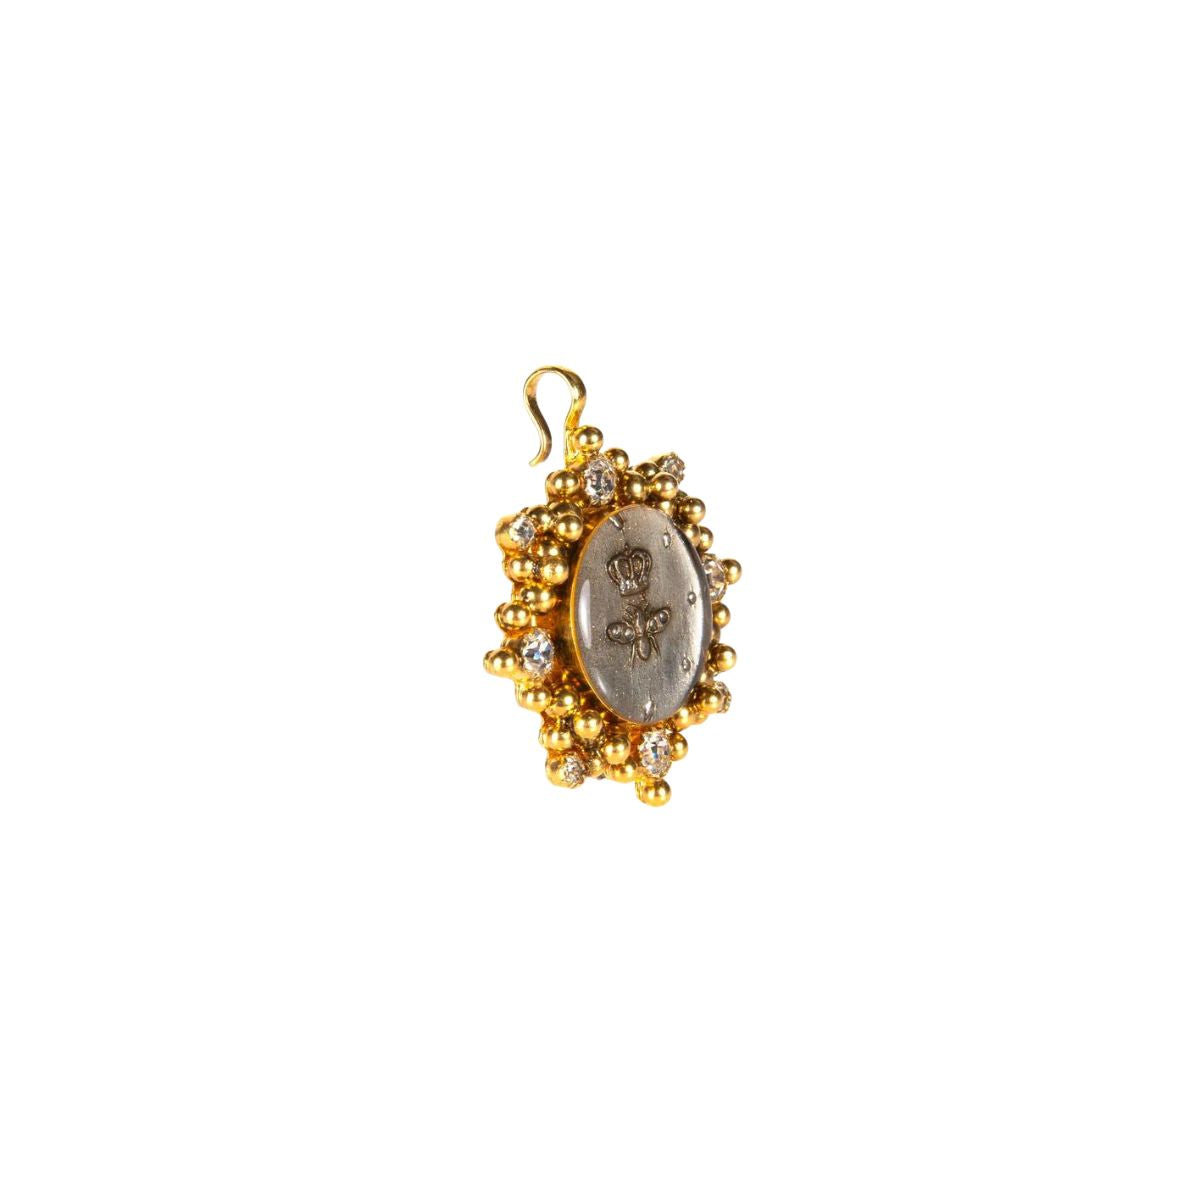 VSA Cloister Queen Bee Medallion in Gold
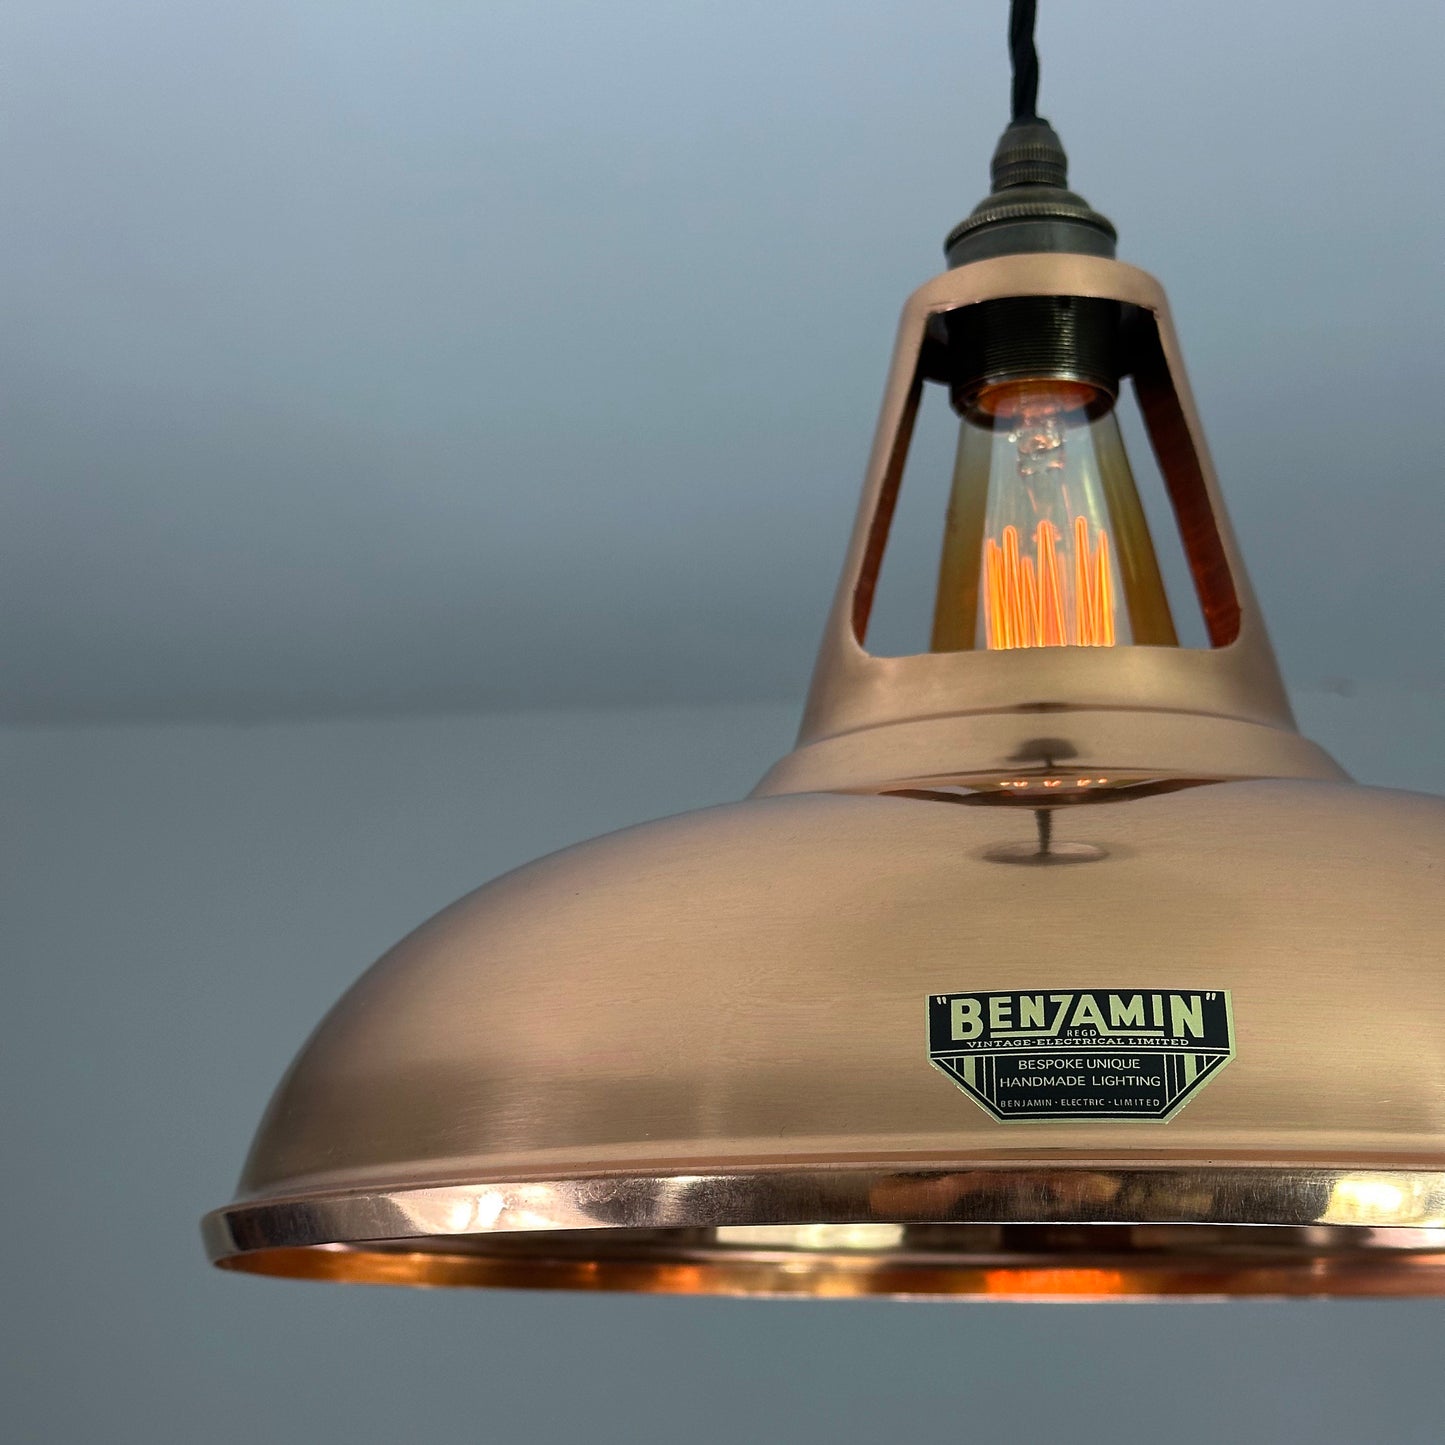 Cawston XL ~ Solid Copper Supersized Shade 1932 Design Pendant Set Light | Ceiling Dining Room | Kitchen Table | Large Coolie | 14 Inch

* * *

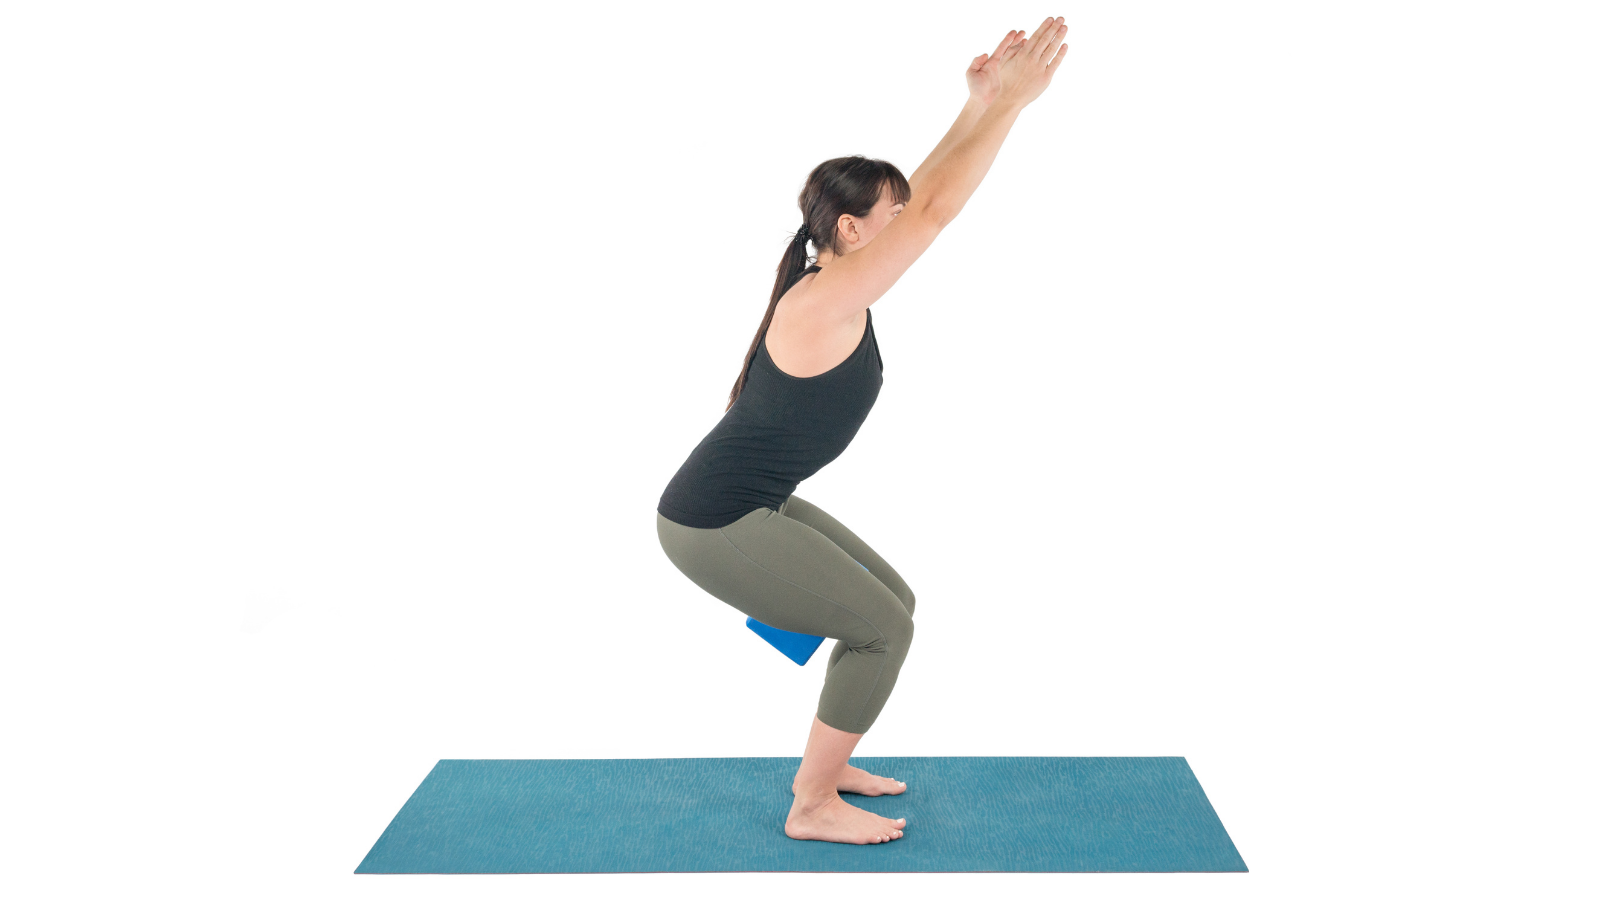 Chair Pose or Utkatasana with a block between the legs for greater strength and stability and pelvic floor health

* * *

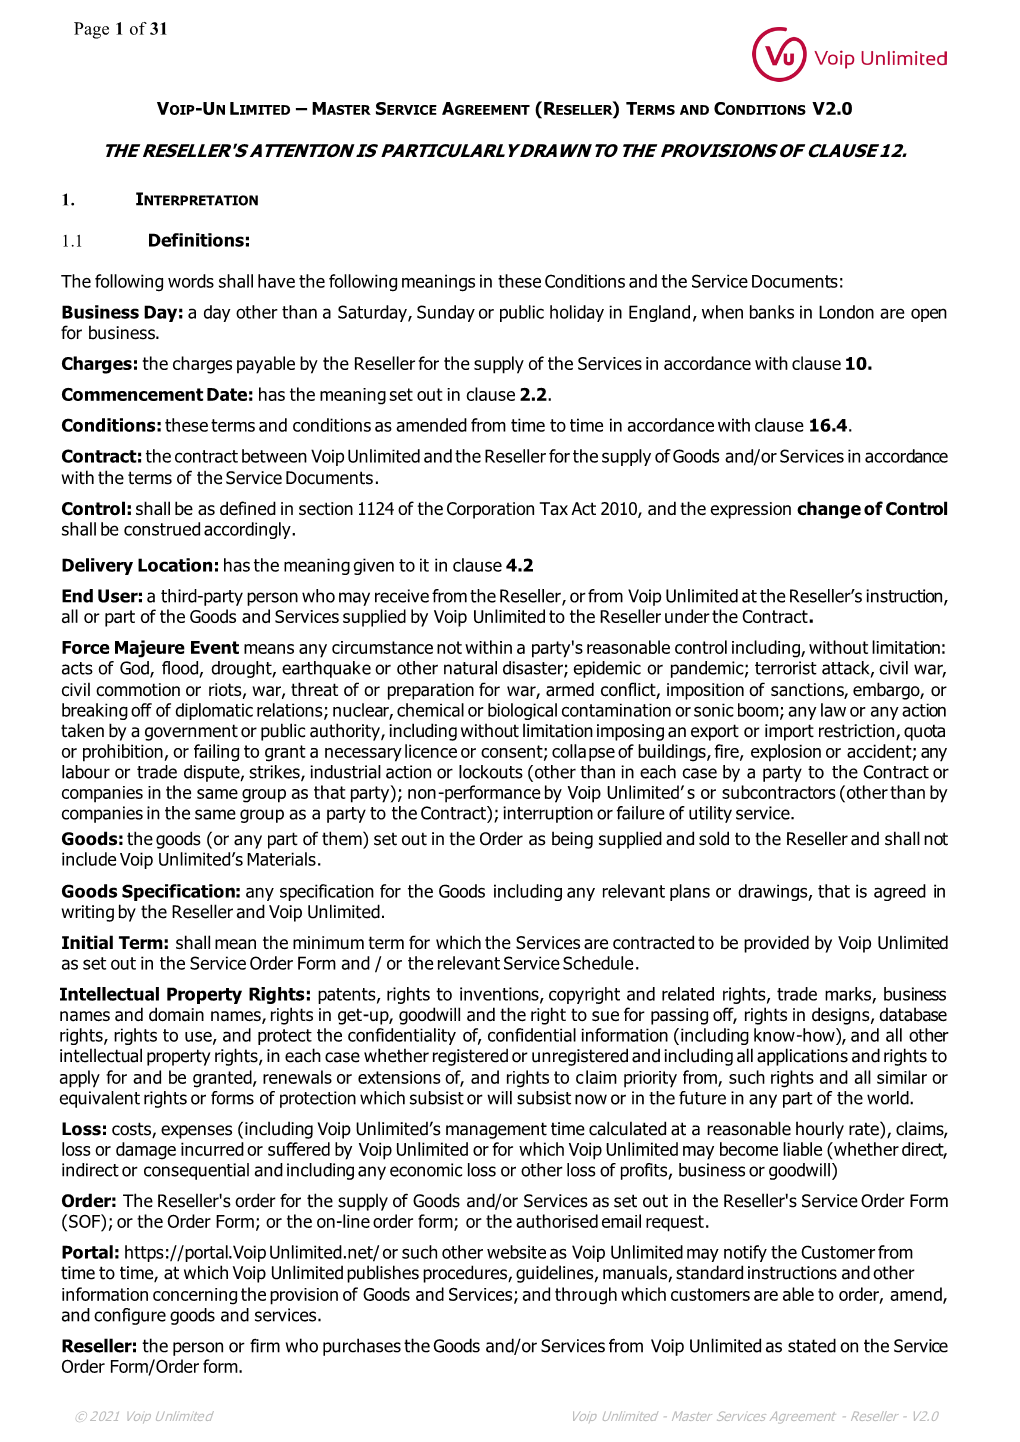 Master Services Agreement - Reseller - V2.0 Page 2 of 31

* * *

# [Exercise requirements]
Using the data above, which lines fall from the one with "VSA Cloister Queen Bee Medallion in Gold" through the one with "Cawston XL ~"? Repeat them exactly, ends included, minus any pictures.

# [Answer]
 VSA Cloister Queen Bee Medallion in Gold
 Cawston XL ~ Solid Copper Supersized Shade 1932 Design Pendant Set Light | Ceiling Dining Room | Kitchen Table | Large Coolie | 14 Inch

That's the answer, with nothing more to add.